*** PROVIDED DATA Section Begins ***

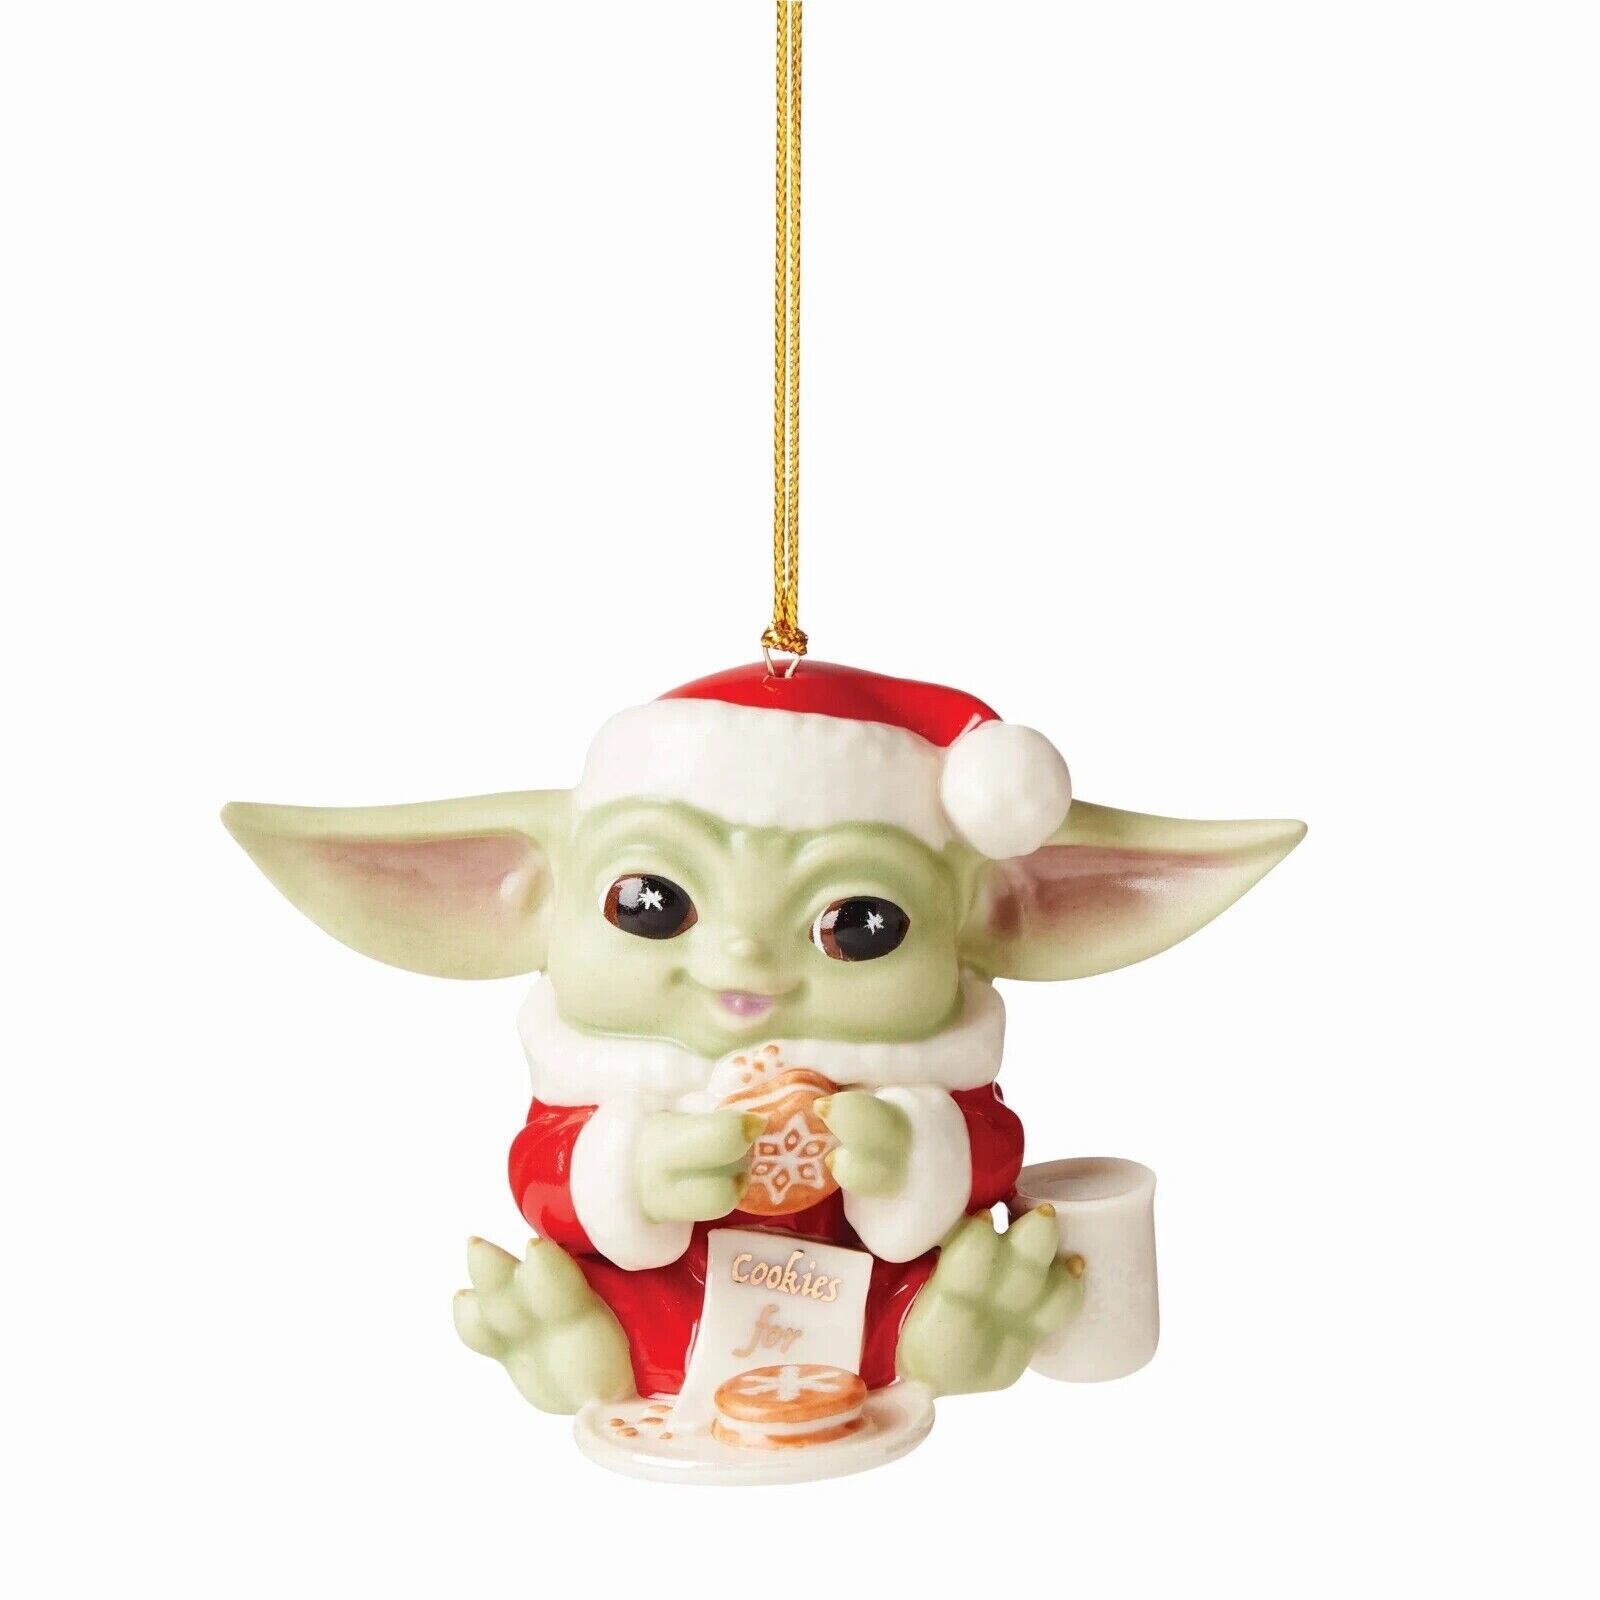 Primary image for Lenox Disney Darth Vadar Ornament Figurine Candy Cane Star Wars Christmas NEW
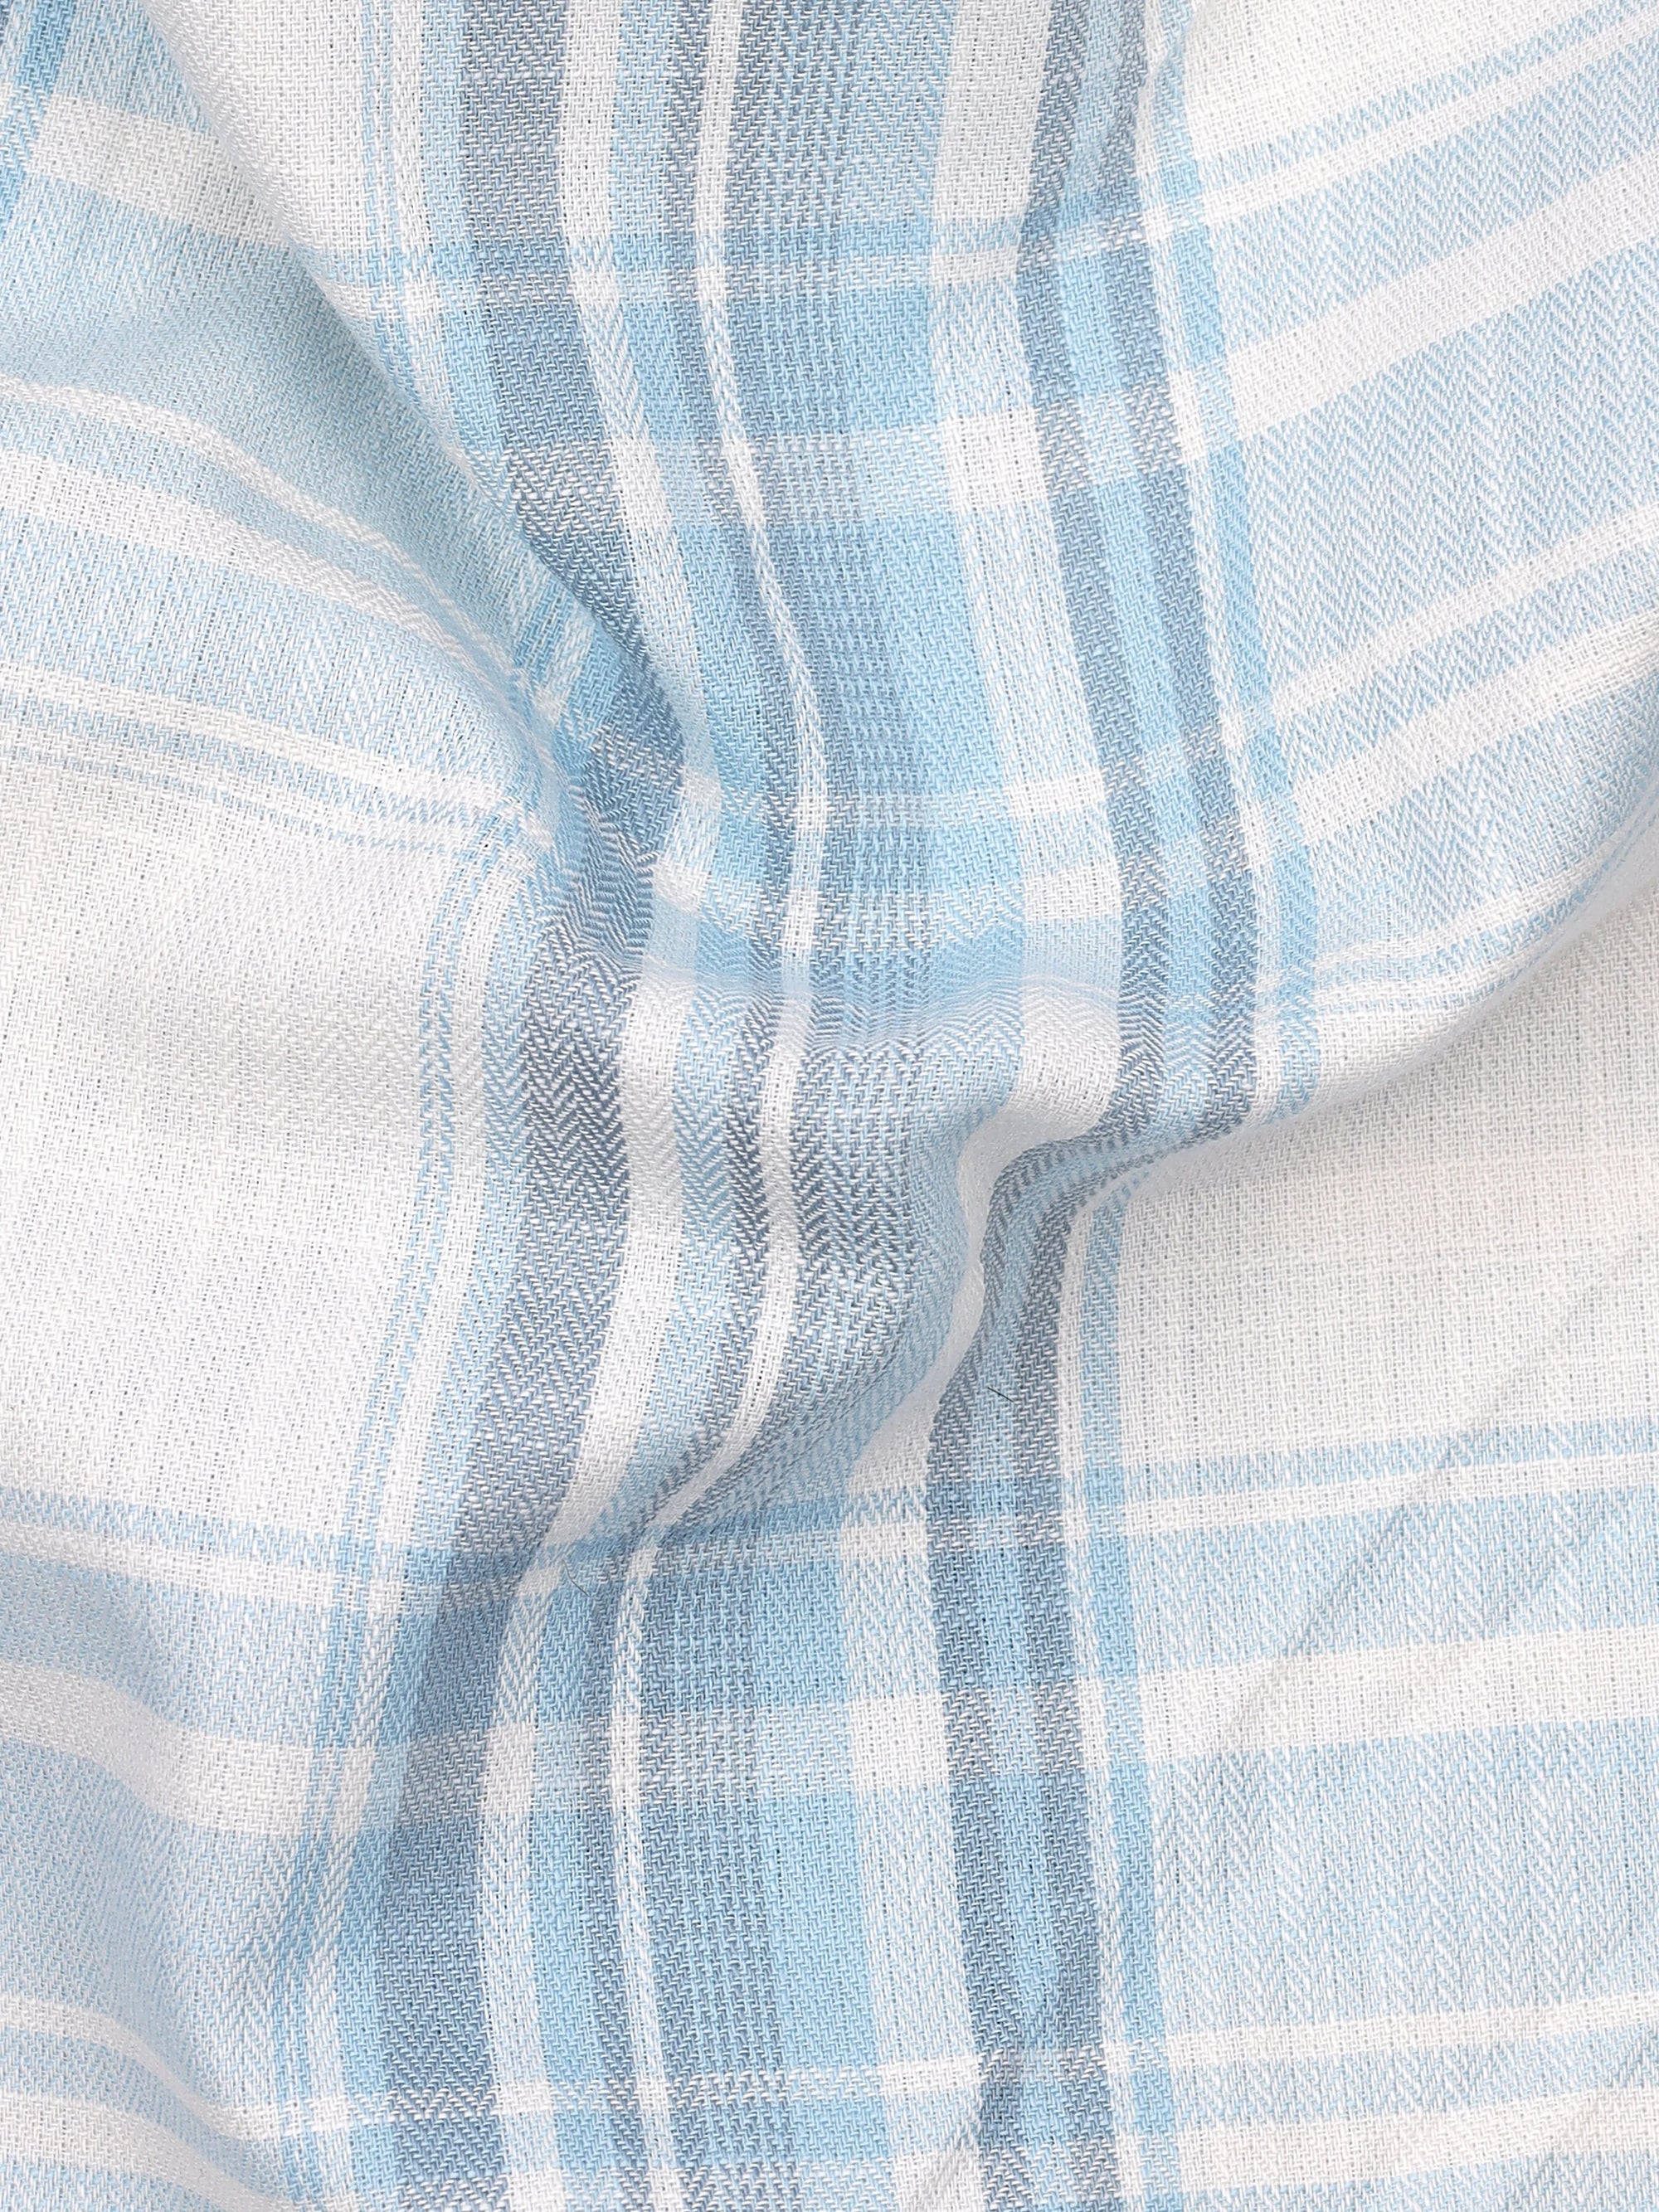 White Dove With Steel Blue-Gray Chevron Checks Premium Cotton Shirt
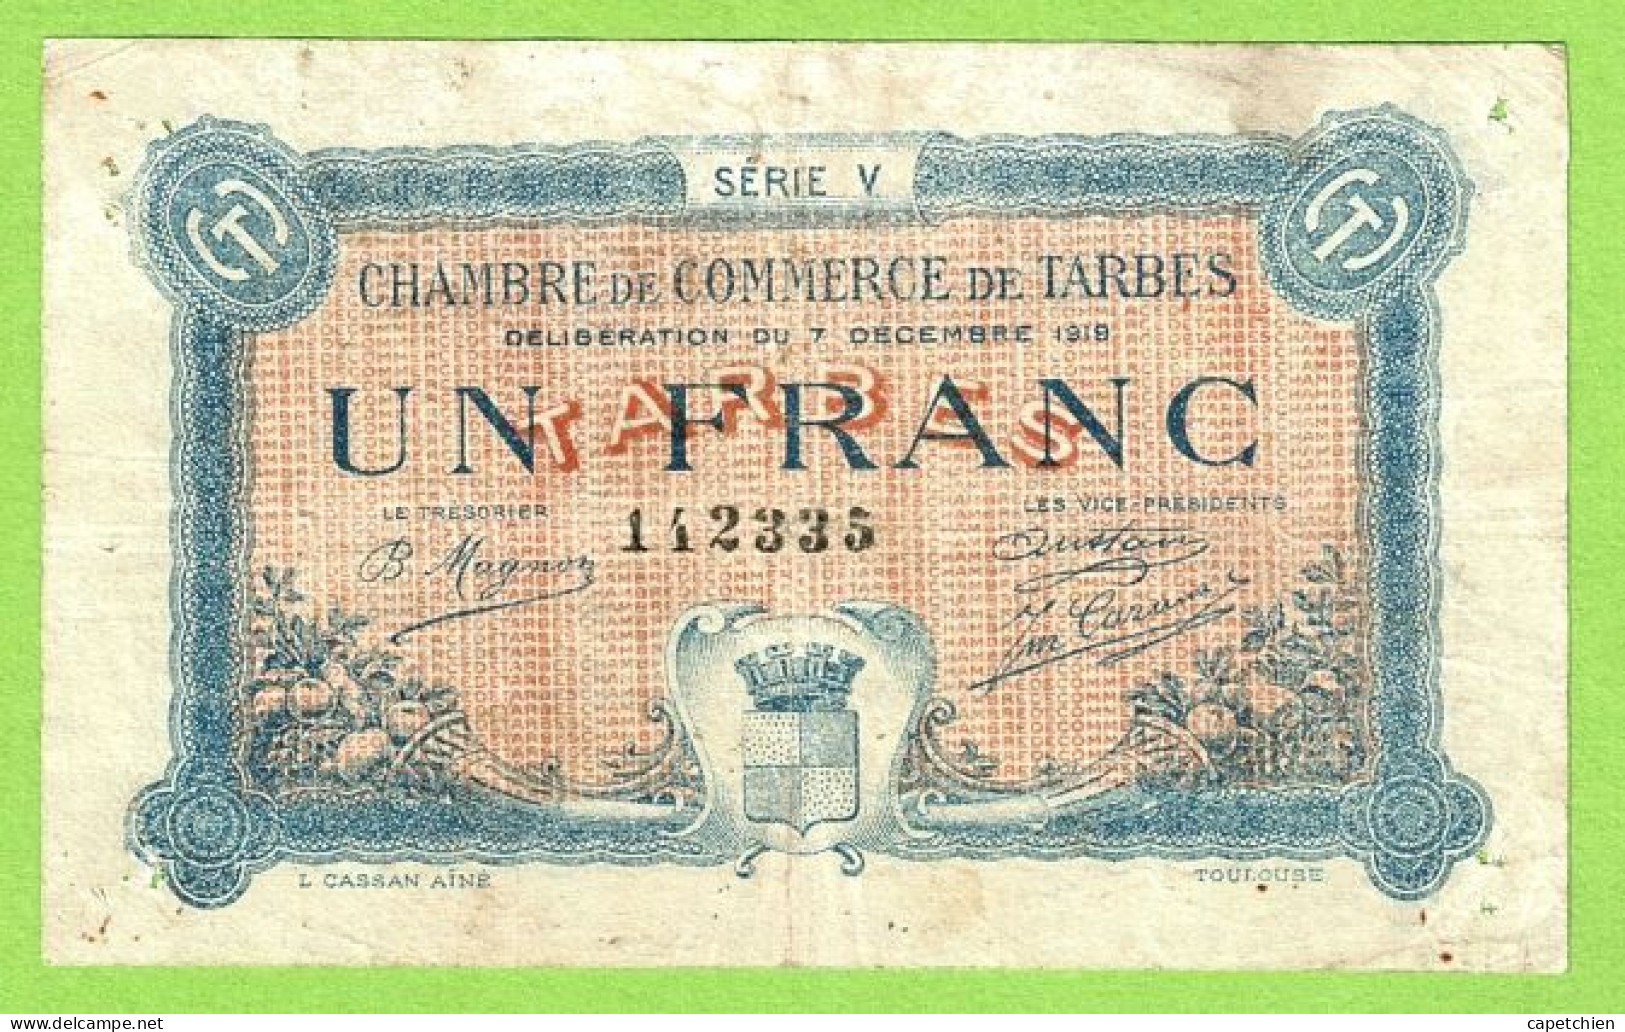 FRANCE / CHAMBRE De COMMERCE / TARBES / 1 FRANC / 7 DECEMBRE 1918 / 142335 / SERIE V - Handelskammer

*** PROVIDED DATA Section Ends ***

ASSIGNMENT: With the pictures removed, return the data above word for word.

PROBLEM SOLUTION:
 Primary image for Lenox Disney Darth Vadar Ornament Figurine Candy Cane Star Wars Christmas NEW
 White Dove With Steel Blue-Gray Chevron Checks Premium Cotton Shirt
 FRANCE / CHAMBRE De COMMERCE / TARBES / 1 FRANC / 7 DECEMBRE 1918 / 142335 / SERIE V - Handelskammer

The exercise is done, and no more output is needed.